--- Information provided ---
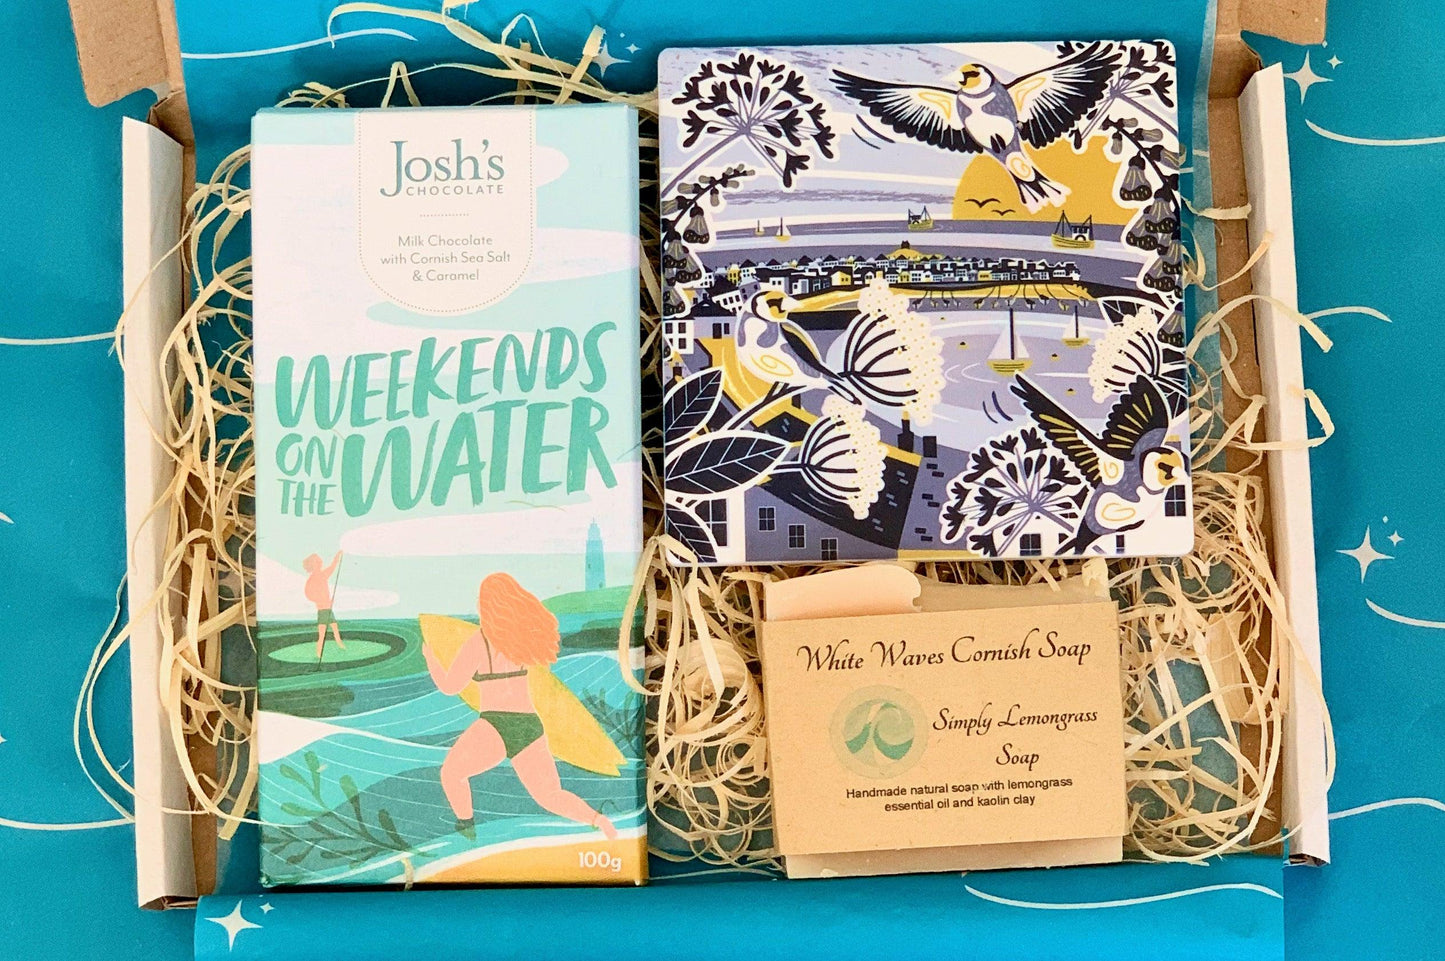 Sand and Sparkles Cornish Letterbox Gift Set with Cornish Illustrated coaster, natural Cornish soap and Cornish artisan chocolate
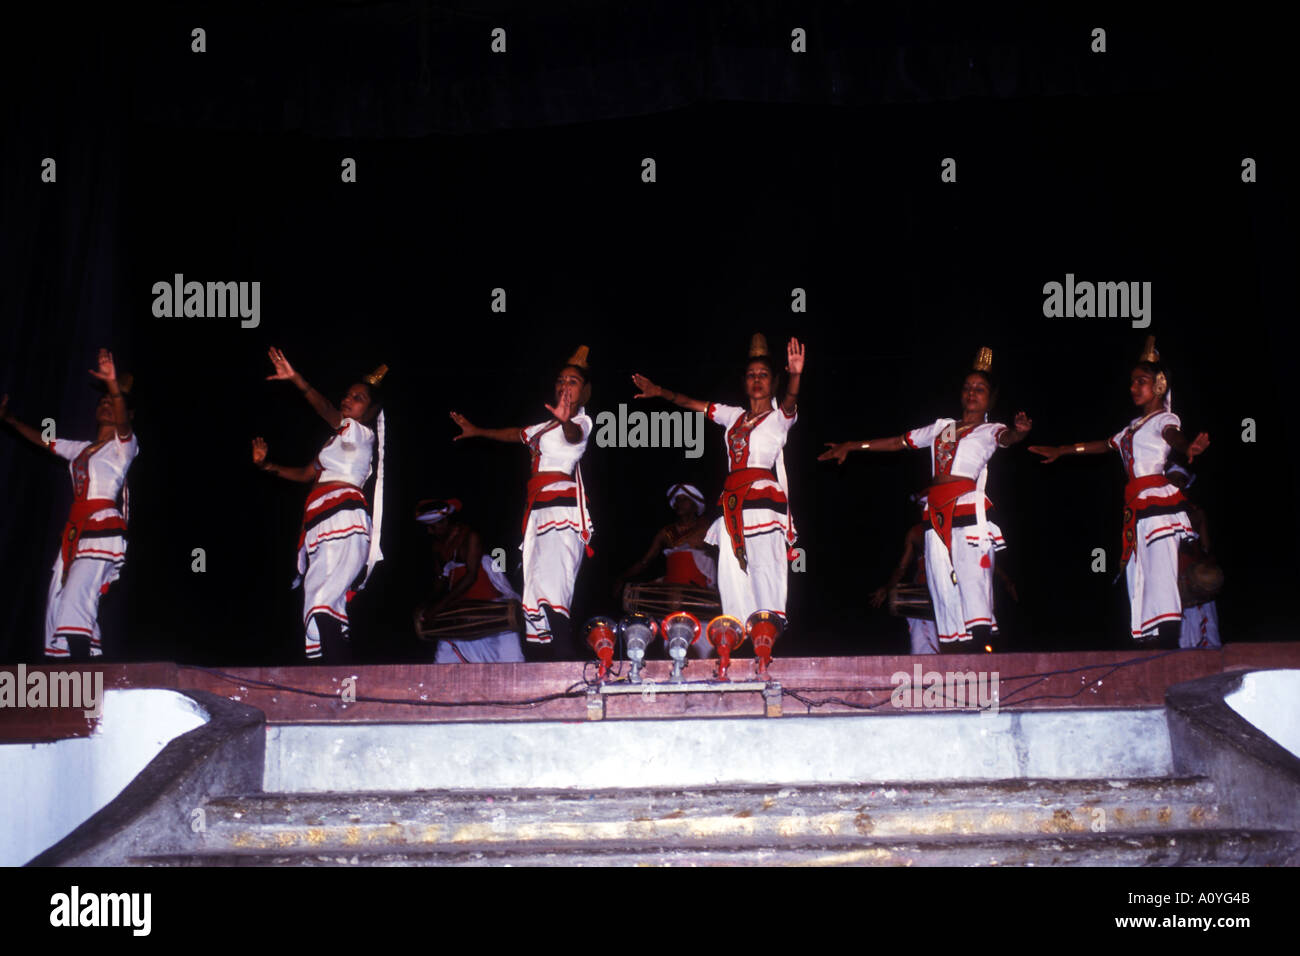 Sri Lankan dancing girls performs a traditional dance routine Stock Photo
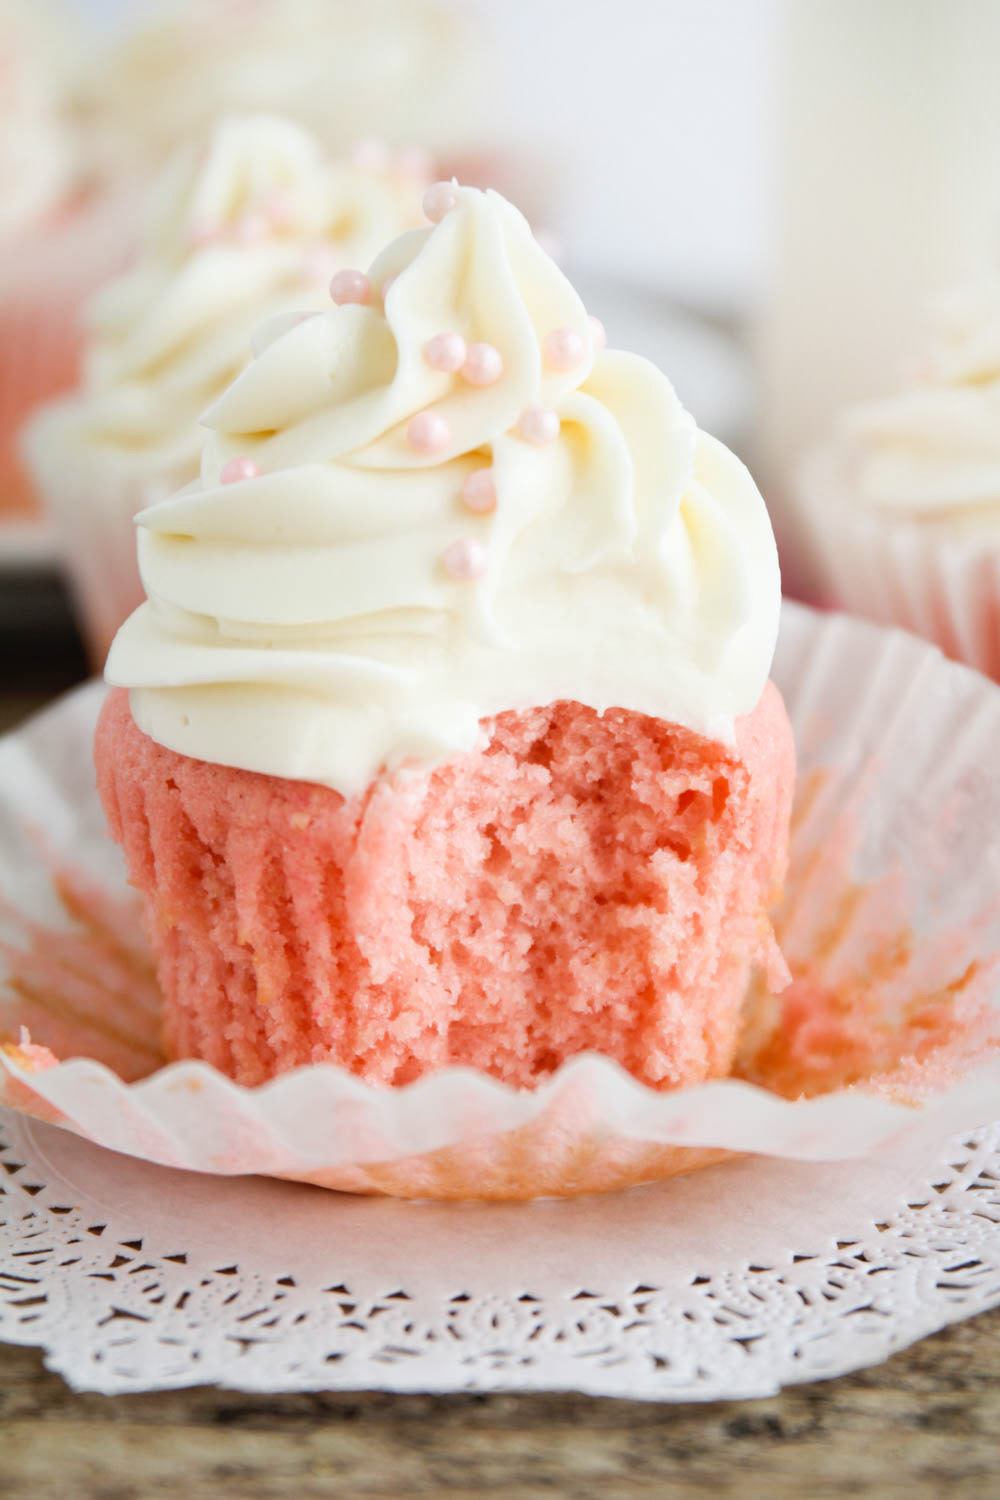 15 beautiful and deliciously sweet Valentine's desserts to share with your sweetheart!

--- Aim of the task ---
All lines of the material above should be returned unchanged, but no pictures should be included.

--- Response area ---
 Sand and Sparkles Cornish Letterbox Gift Set with Cornish Illustrated coaster, natural Cornish soap and Cornish artisan chocolate
 Sri Lankan dancing girls performs a traditional dance routine Stock Photo
 15 beautiful and deliciously sweet Valentine's desserts to share with your sweetheart!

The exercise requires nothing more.